Hierarchical clustering of time series in Python scipy/numpy/pandas?

I have a DataFrame with some time series. I created a correlation matrix from those time series and I'd like to create a hierarchical clustering on this correlation matrix. How can I do that?
#
# let't pretend this DataFrame contains some time series
#
df = pd.DataFrame((np.random.randn(150)).reshape(10,15))
0 1 2 13 14
0 0.369746 0.093882 -0.656211 .... -0.596936 0 0.095960
1 0.641457 1.120405 -0.468639 .... -2.070802 1 -1.254159
2 0.360756 -0.222554 0.367893 .... 0.566299 2 0.932898
3 0.733130 0.666270 -0.624351 .... -0.377017 3 0.340360
4 -0.263967 1.143818 0.554947 .... 0.220406 4 -0.585353
5 0.082964 -0.311667 1.323161 .... -1.190672 5 -0.828039
6 0.173685 0.719818 -0.881854 .... -1.048066 6 -1.388395
7 0.118301 -0.268945 0.909022 .... 0.094301 7 1.111376
8 -1.341381 0.599435 -0.318425 .... 1.053272 8 -0.763416
9 -1.146692 0.453125 0.150241 .... 0.454584 9 1.506249
#
# I can create a correlation matrix like this
#
correlation_matrix = df.corr(method='spearman')
0 1 ... 13 14
0 1.000000 -0.139394 ... 0.090909 0.309091
1 -0.139394 1.000000 ... -0.636364 0.115152
2 0.175758 0.733333 ... -0.515152 -0.163636
3 0.309091 0.163636 ... -0.248485 -0.127273
4 0.600000 -0.103030 ... 0.151515 0.175758
5 -0.078788 0.054545 ... -0.296970 -0.187879
6 -0.175758 -0.272727 ... 0.151515 -0.139394
7 0.163636 -0.042424 ... 0.187879 0.248485
8 0.030303 0.915152 ... -0.430303 0.296970
9 -0.696970 0.321212 ... -0.236364 -0.151515
10 0.163636 0.115152 ... -0.163636 0.381818
11 0.321212 -0.236364 ... -0.127273 -0.224242
12 -0.054545 -0.200000 ... 0.078788 0.236364
13 0.090909 -0.636364 ... 1.000000 0.381818
14 0.309091 0.115152 ... 0.381818 1.000000
Now, how can build the Hierarchical clustering on this matrix?
Here is a step by step guide on how to build the Hierarchical Clustering and Dendrogram out of our time series using SciPy. Please note that also scikit-learn (a powerful data analysis library built on top of SciPY) has many other clustering algorithms implemented.
First we build some synthetic time series to work with. We'll build 6 groups of correlated time series and we expect the hierarchical clustering to detect those six groups.
import numpy as np
import seaborn as sns
import pandas as pd
from scipy import stats
import scipy.cluster.hierarchy as hac
import matplotlib.pyplot as plt
#
# build 6 time series groups for testing, called: a, b, c, d, e, f
#
num_samples = 61
group_size = 10
#
# create the main time series for each group
#
x = np.linspace(0, 5, num_samples)
scale = 4
a = scale * np.sin(x)
b = scale * (np.cos(1+x*3) + np.linspace(0, 1, num_samples))
c = scale * (np.sin(2+x*6) + np.linspace(0, -1, num_samples))
d = scale * (np.cos(3+x*9) + np.linspace(0, 4, num_samples))
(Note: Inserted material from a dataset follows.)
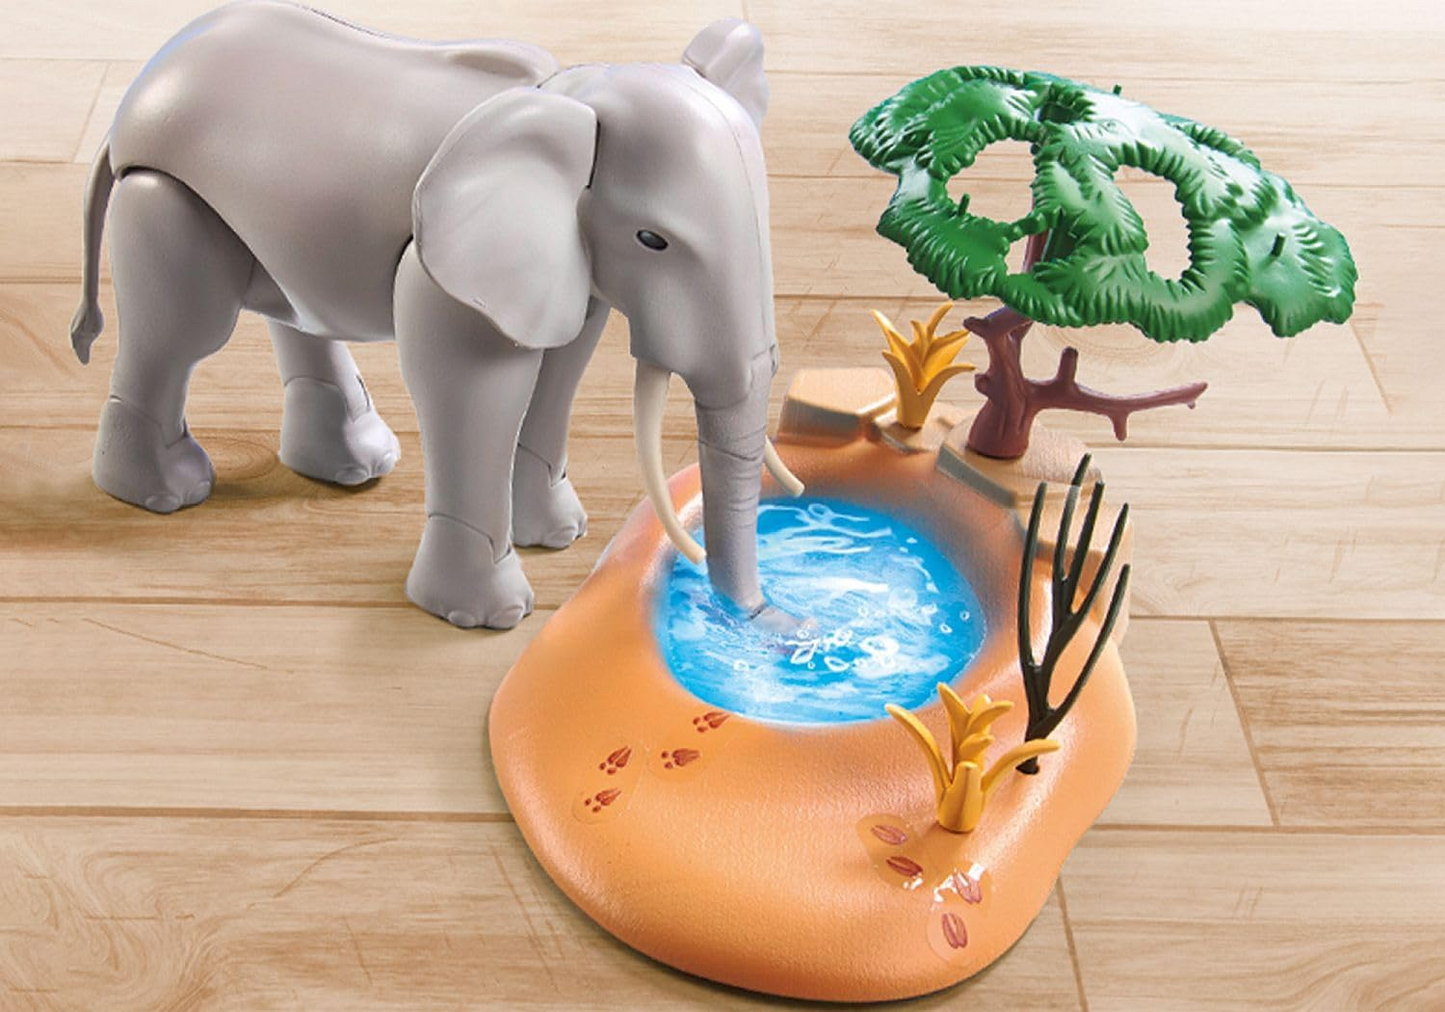 Playmobil 71294 Wiltopia Elefante no Waterhole, safári emocionante com efeito de aprendizagem de animais, brinquedo educativo, dramatização sustentável e divertida e imaginativa, conjuntos de jogos adequados para crianças a partir de 4 anos

e = scale * (np.sin(4+x*12) + np.linspace(0, -4, num_samples))
f = scale * np.cos(x)
#
# from each main series build 'group_size' series
#
timeSeries = pd.DataFrame()
ax = None
for arr in [a,b,c,d,e,f]:
arr = arr + np.random.rand(group_size, num_samples) + np.random.randn(group_size, 1)
df = pd.DataFrame(arr)
timeSeries = timeSeries.append(df)
# We use seaborn to plot what we have
#ax = sns.tsplot(ax=ax, data=df.values, ci=[68, 95])
ax = sns.tsplot(ax=ax, data=df.values, err_style="unit_traces")
plt.show()
Now we do the clustering and plot it:
# Do the clustering
Z = hac.linkage(timeSeries, method='single', metric='correlation')
# Plot dendogram
plt.figure(figsize=(25, 10))
plt.title('Hierarchical Clustering Dendrogram')
plt.xlabel('sample index')
plt.ylabel('distance')
hac.dendrogram(
Z,
leaf_rotation=90., # rotates the x axis labels
leaf_font_size=8., # font size for the x axis labels
)
plt.show()
if we want to decide what kind of correlation to apply or to use another distance metric, then we can provide a custom metric function:
# Here we use spearman correlation
def my_metric(x, y):
r = stats.pearsonr(x, y)[0]
return 1 - r # correlation to distance: range 0 to 2
# Do the clustering
Z = hac.linkage(timeSeries, method='single', metric=my_metric)
# Plot dendogram
plt.figure(figsize=(25, 10))
plt.title('Hierarchical Clustering Dendrogram')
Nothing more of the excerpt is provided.